======== Records supplied

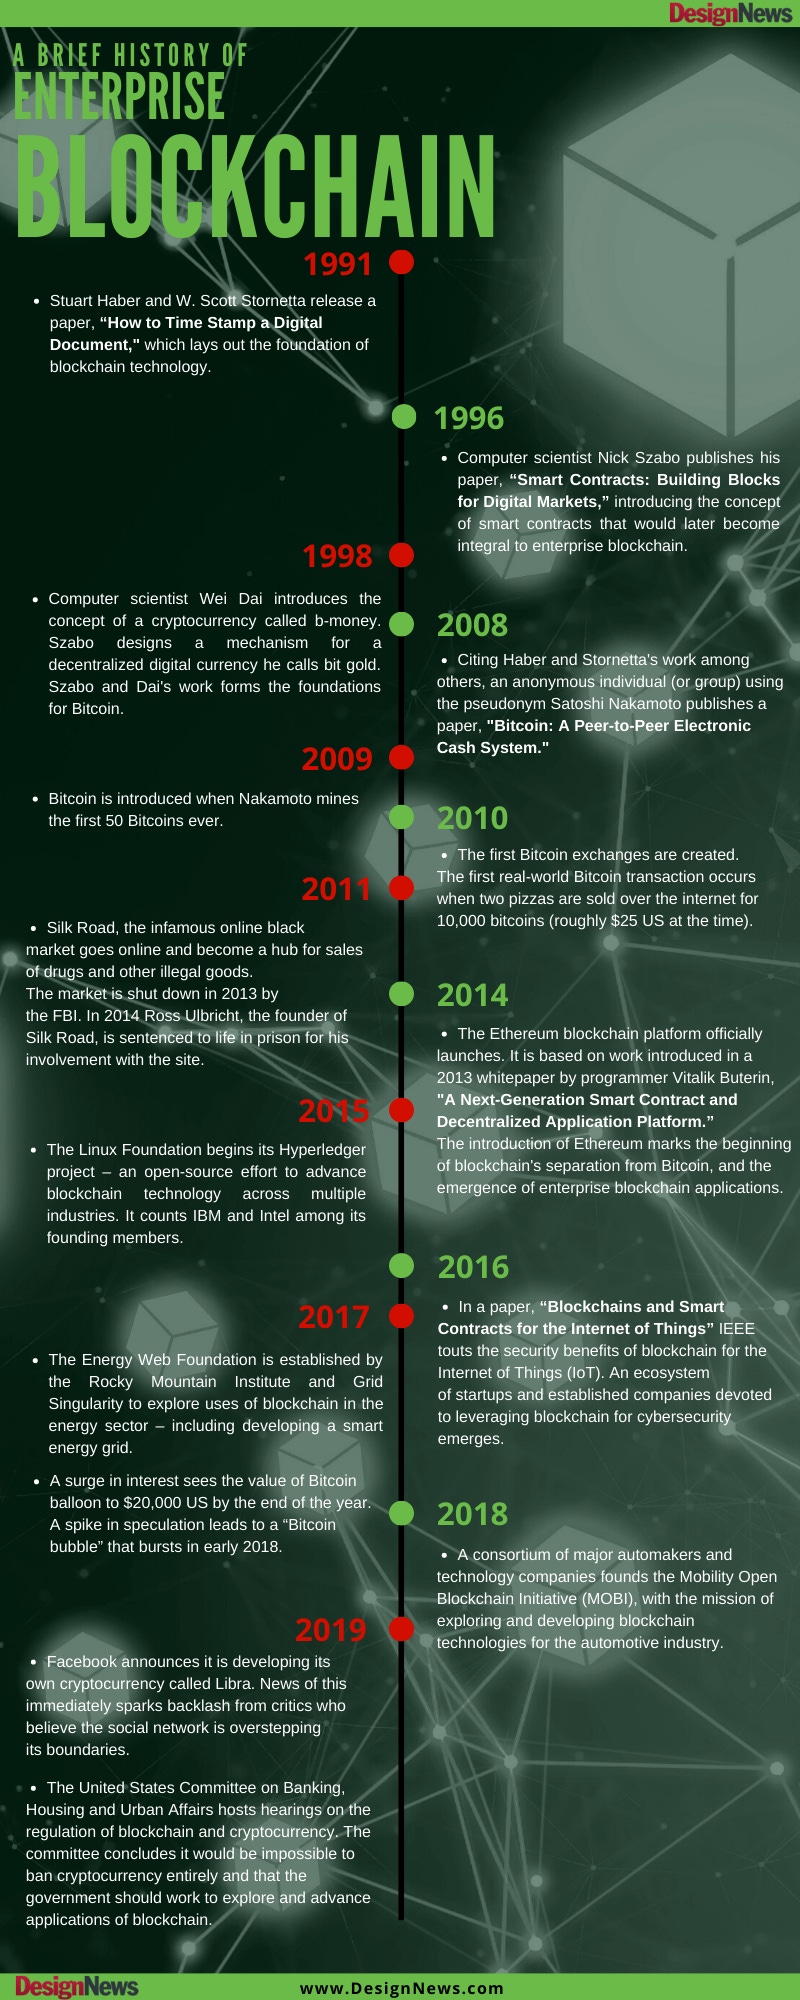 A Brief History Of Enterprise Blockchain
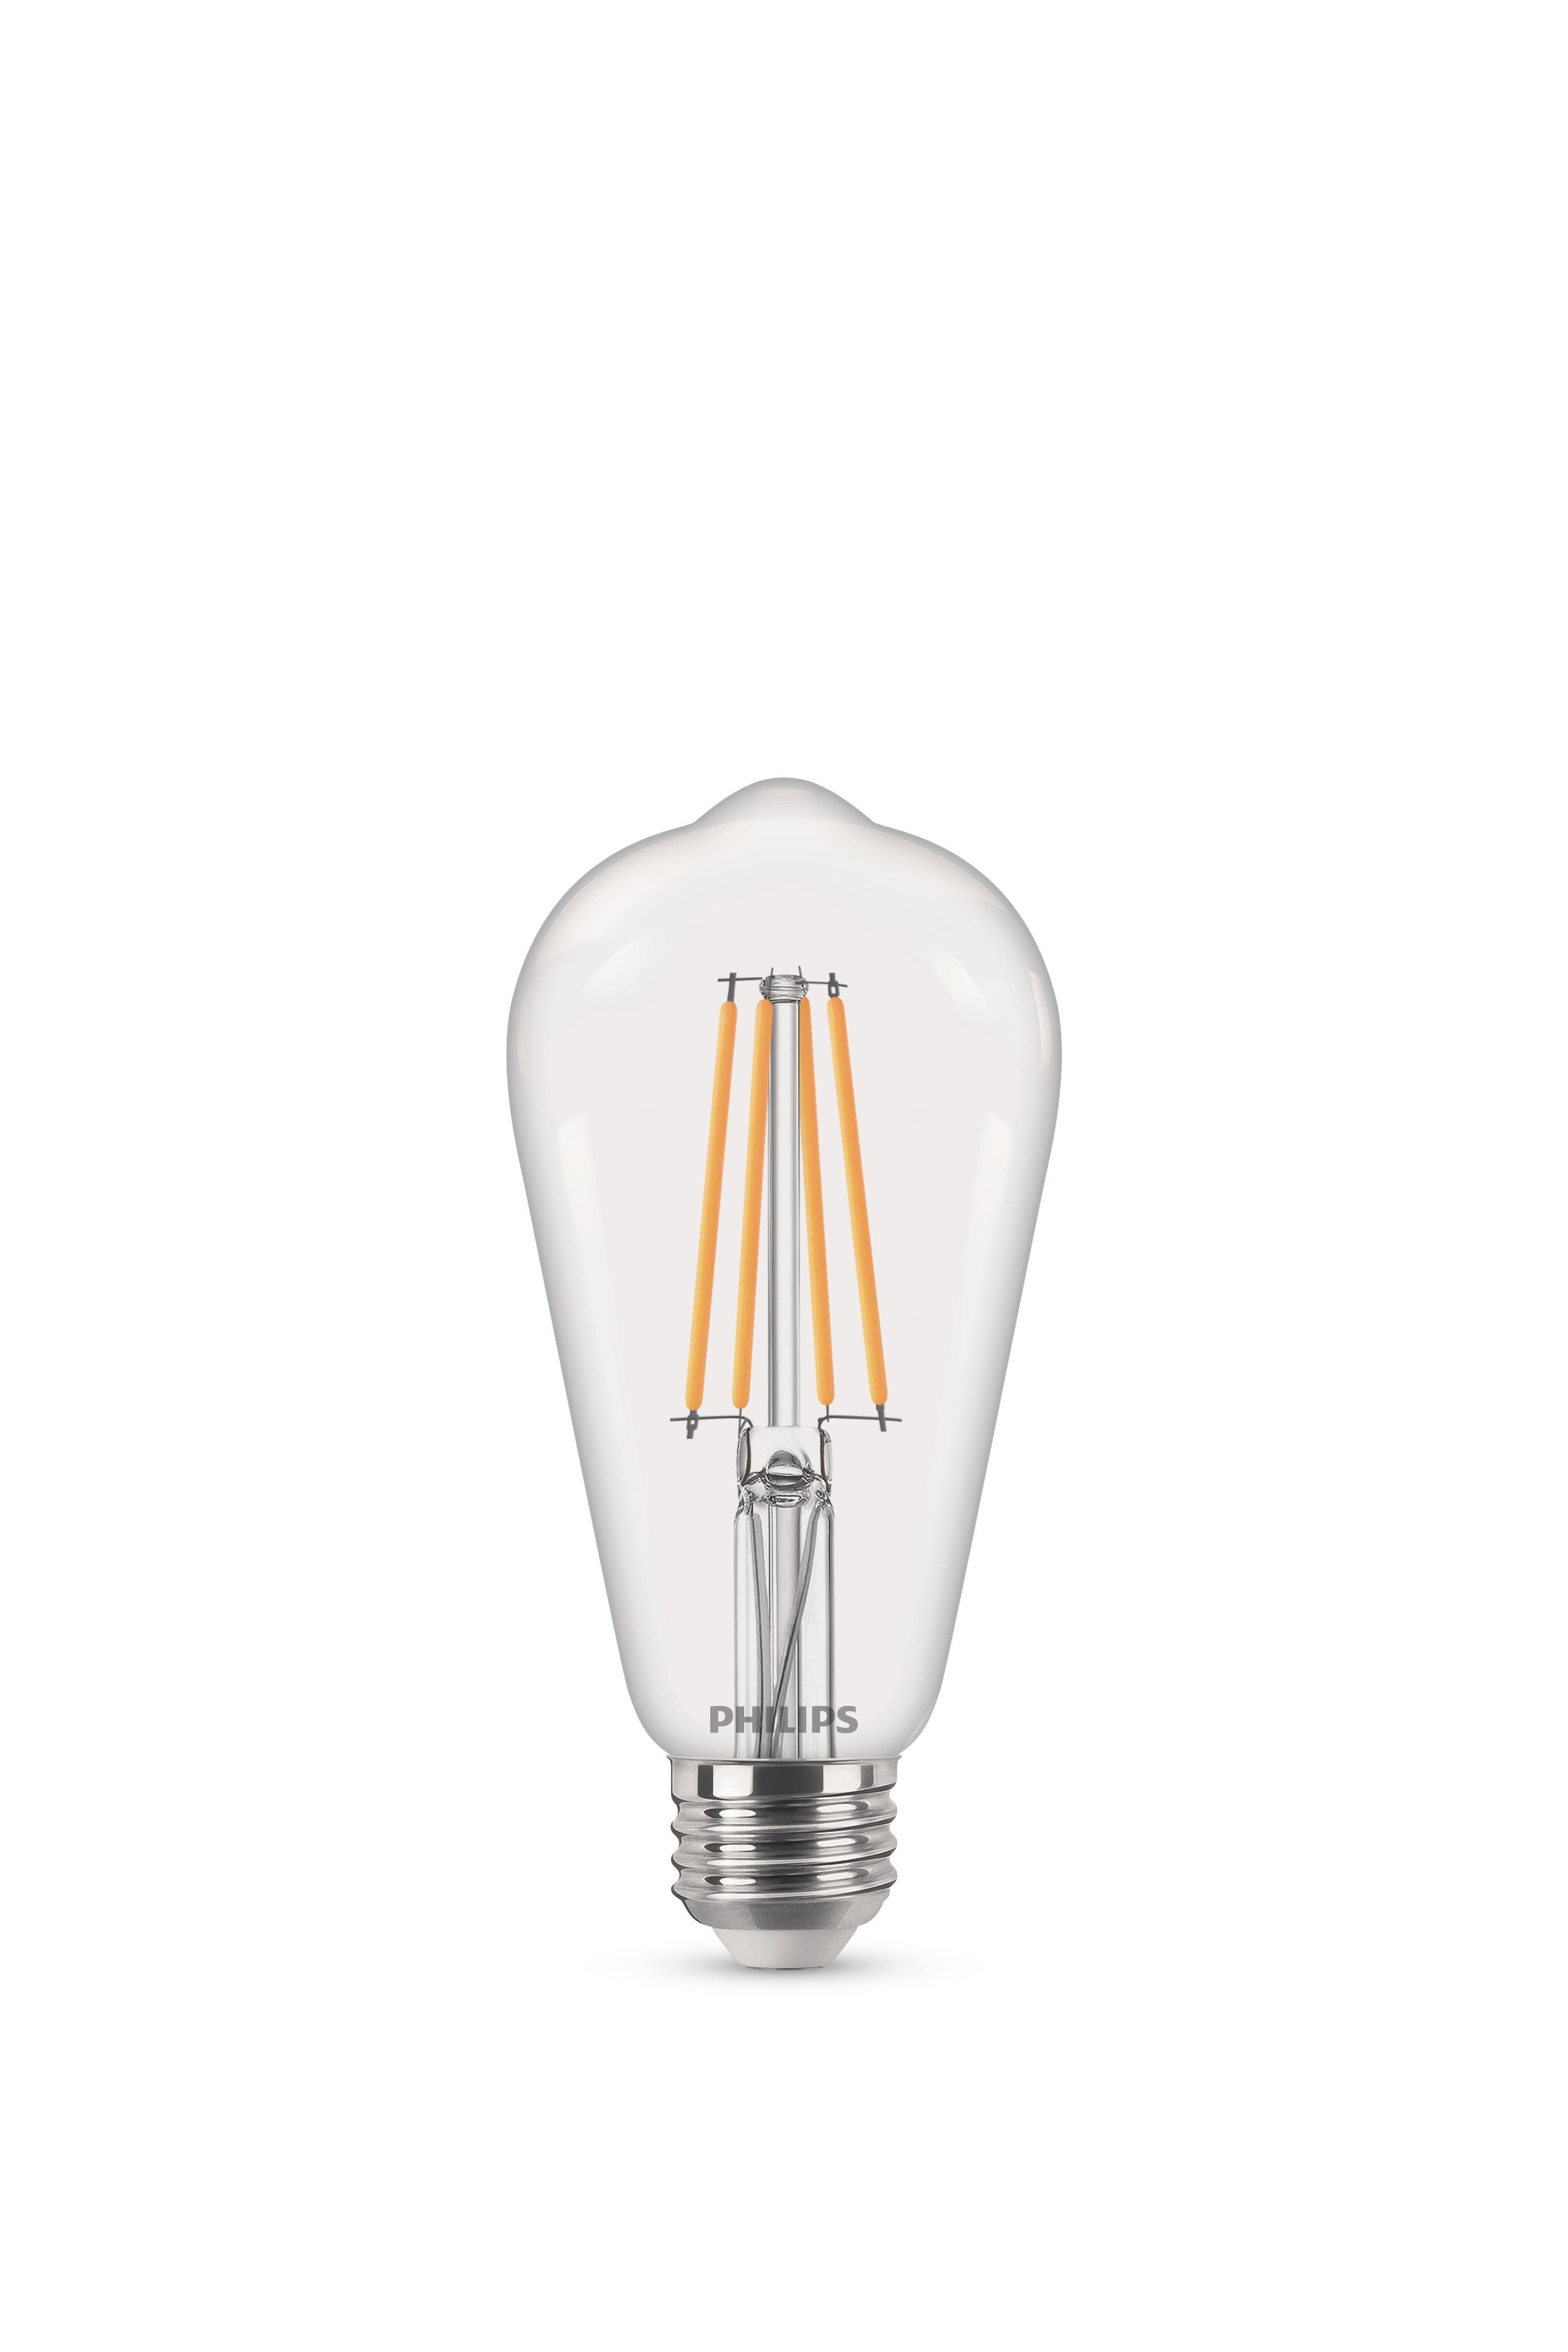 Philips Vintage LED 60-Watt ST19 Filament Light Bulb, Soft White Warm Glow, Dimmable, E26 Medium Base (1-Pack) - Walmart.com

================
======== Records supplied

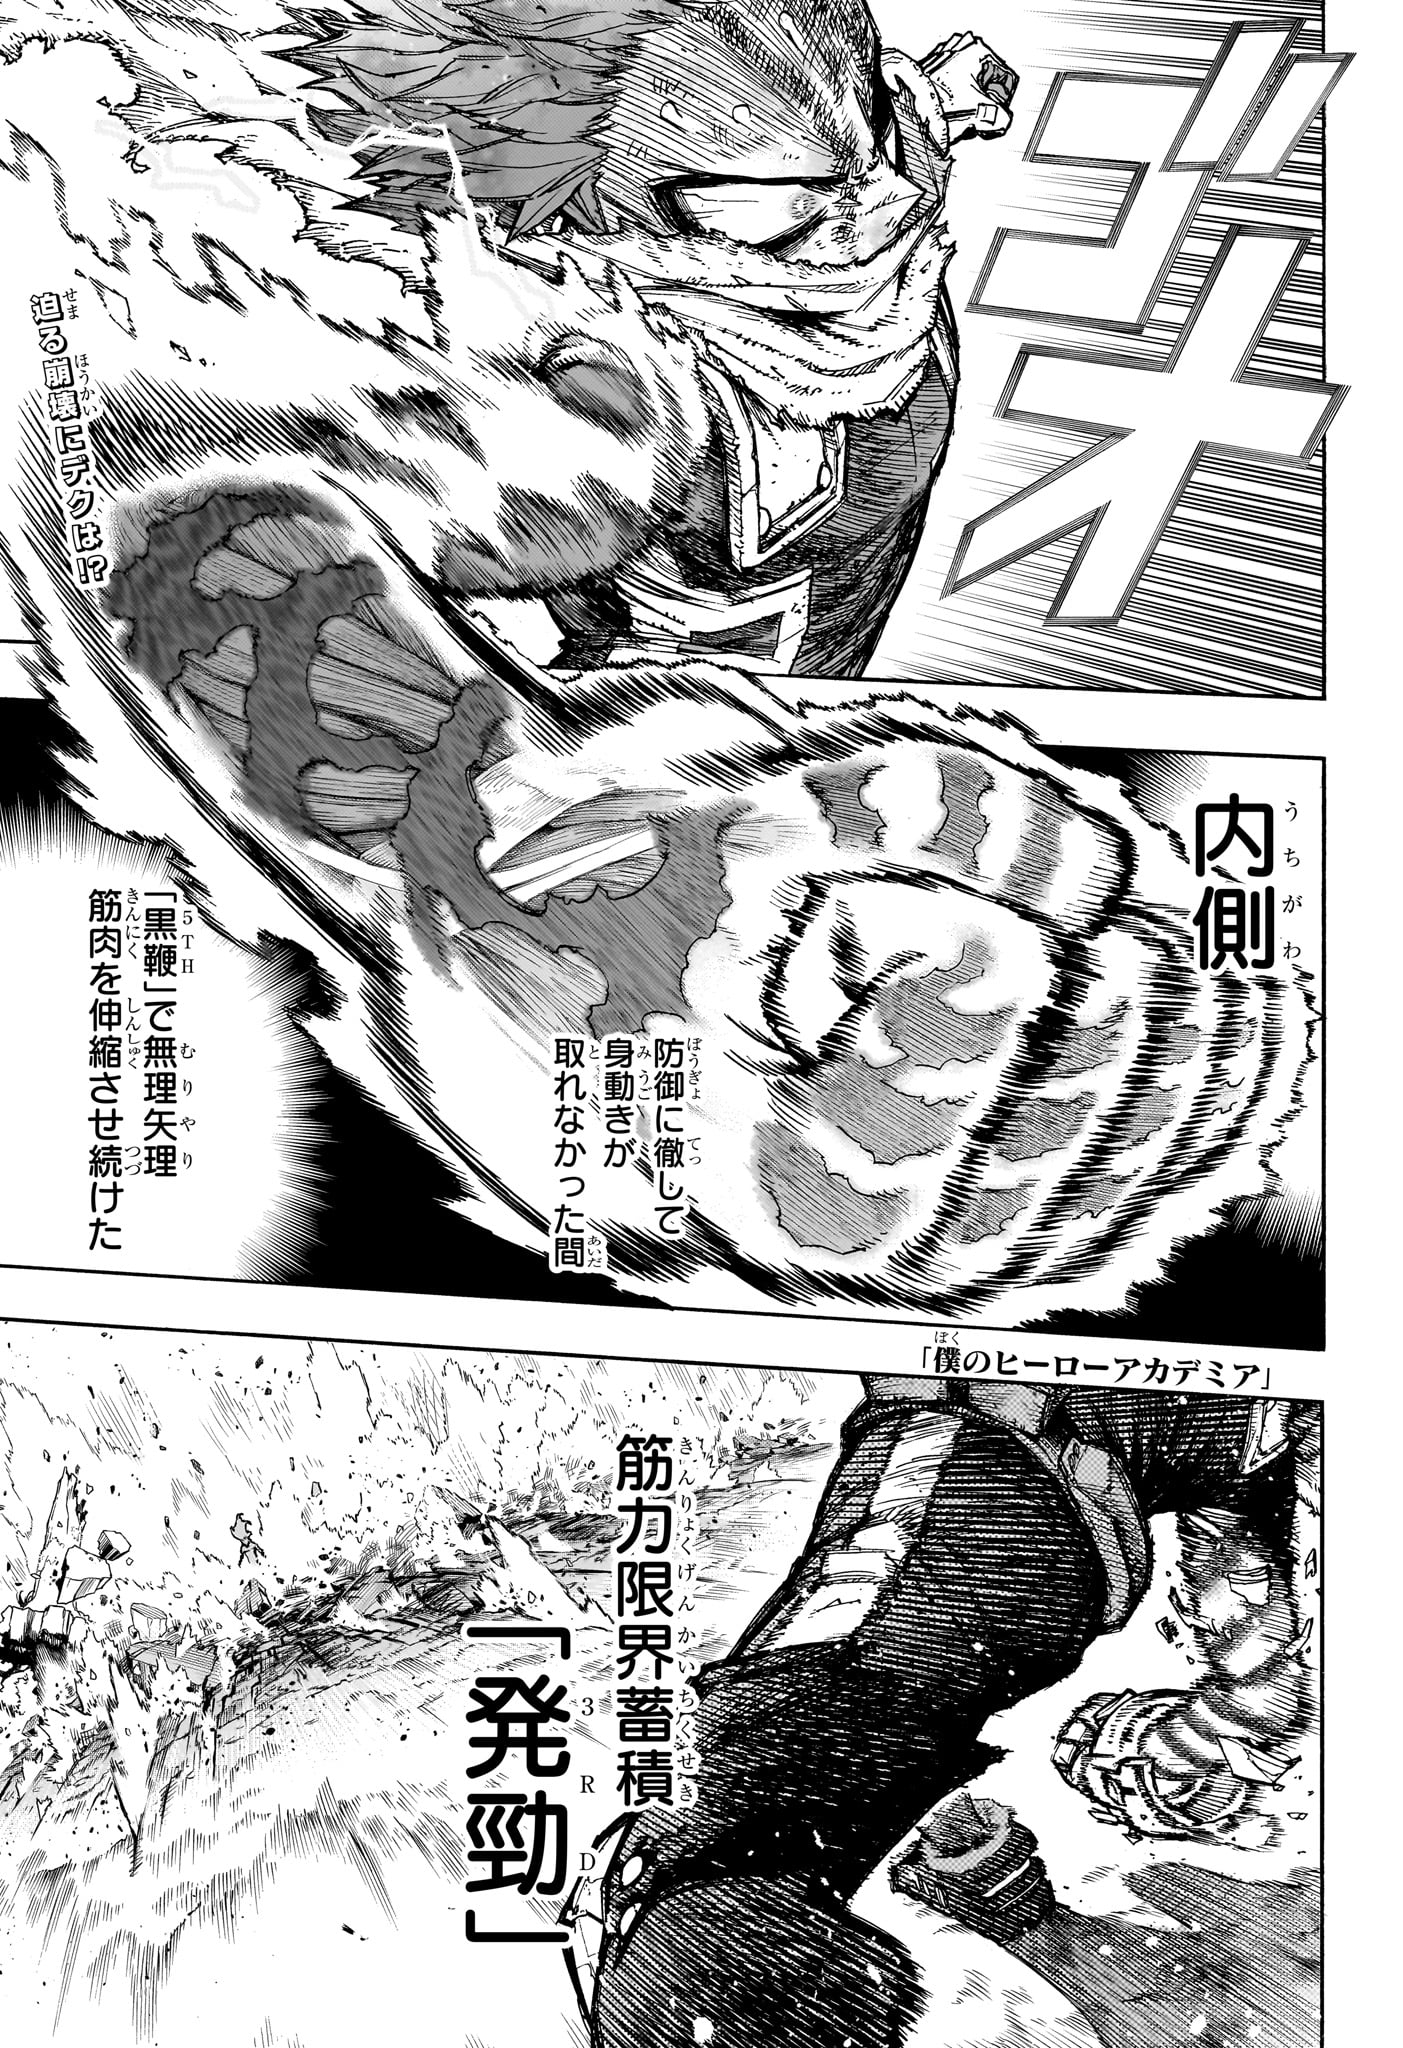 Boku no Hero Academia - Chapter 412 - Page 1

================
======== Records supplied

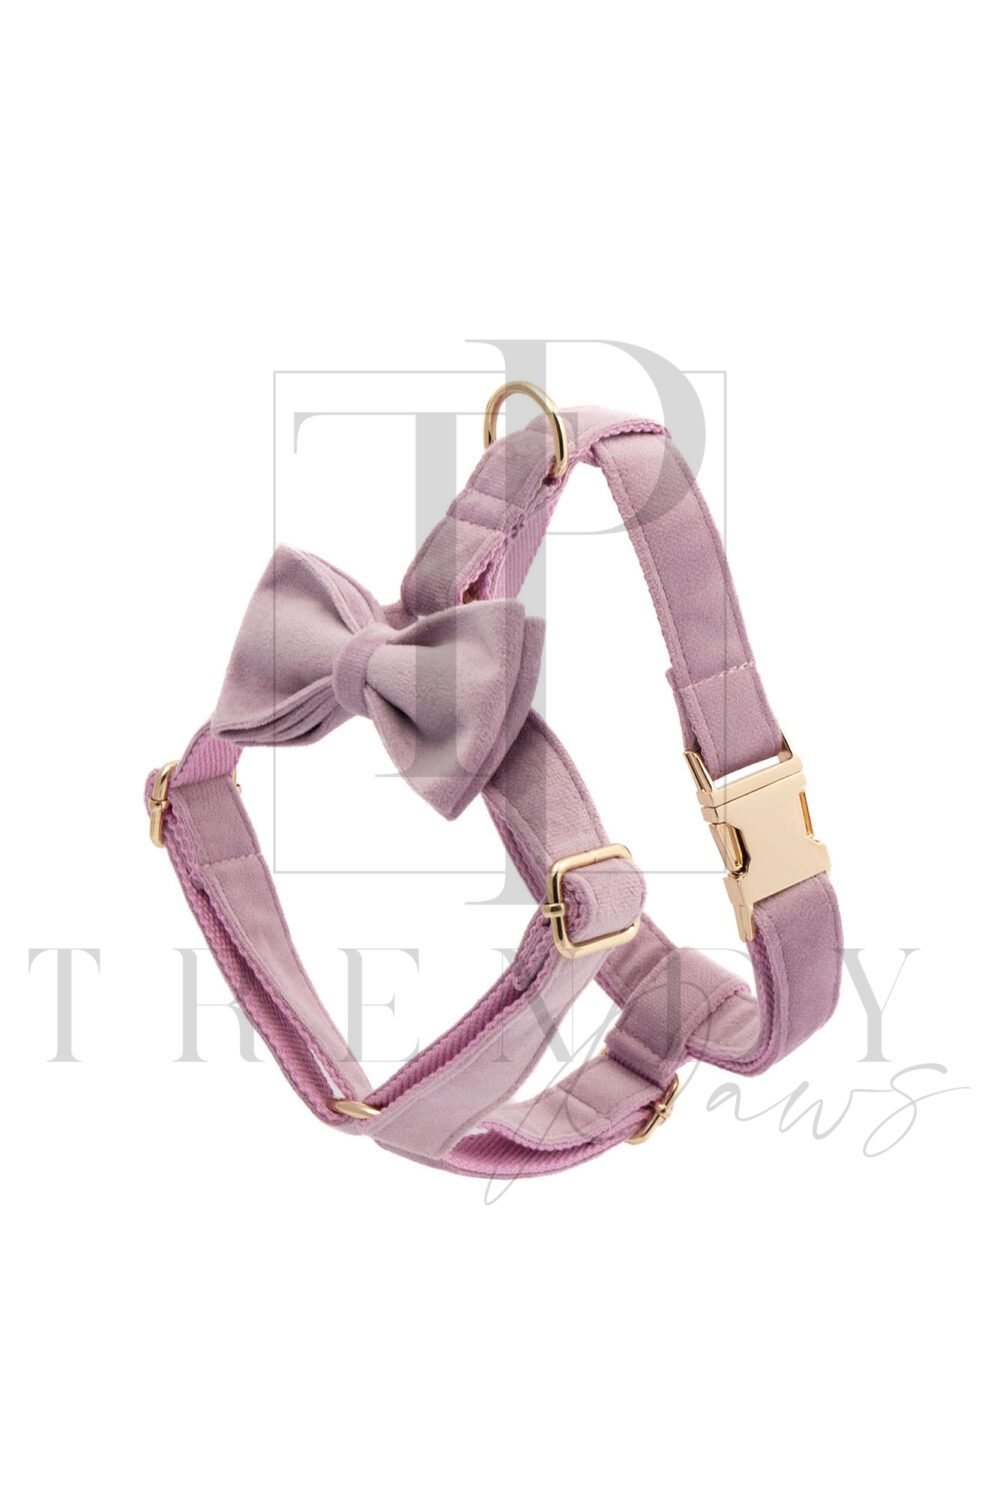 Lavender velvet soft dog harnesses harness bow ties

================

Exercise -
From the records above, write out exactly the lines that begin at the line with "A Brief History Of Enterprise Blockchain" and end at the line with "Philips Vintage LED". Pictures must not appear in the output.

Solution to this problem -
 A Brief History Of Enterprise Blockchain
 Philips Vintage LED 60-Watt ST19 Filament Light Bulb, Soft White Warm Glow, Dimmable, E26 Medium Base (1-Pack) - Walmart.com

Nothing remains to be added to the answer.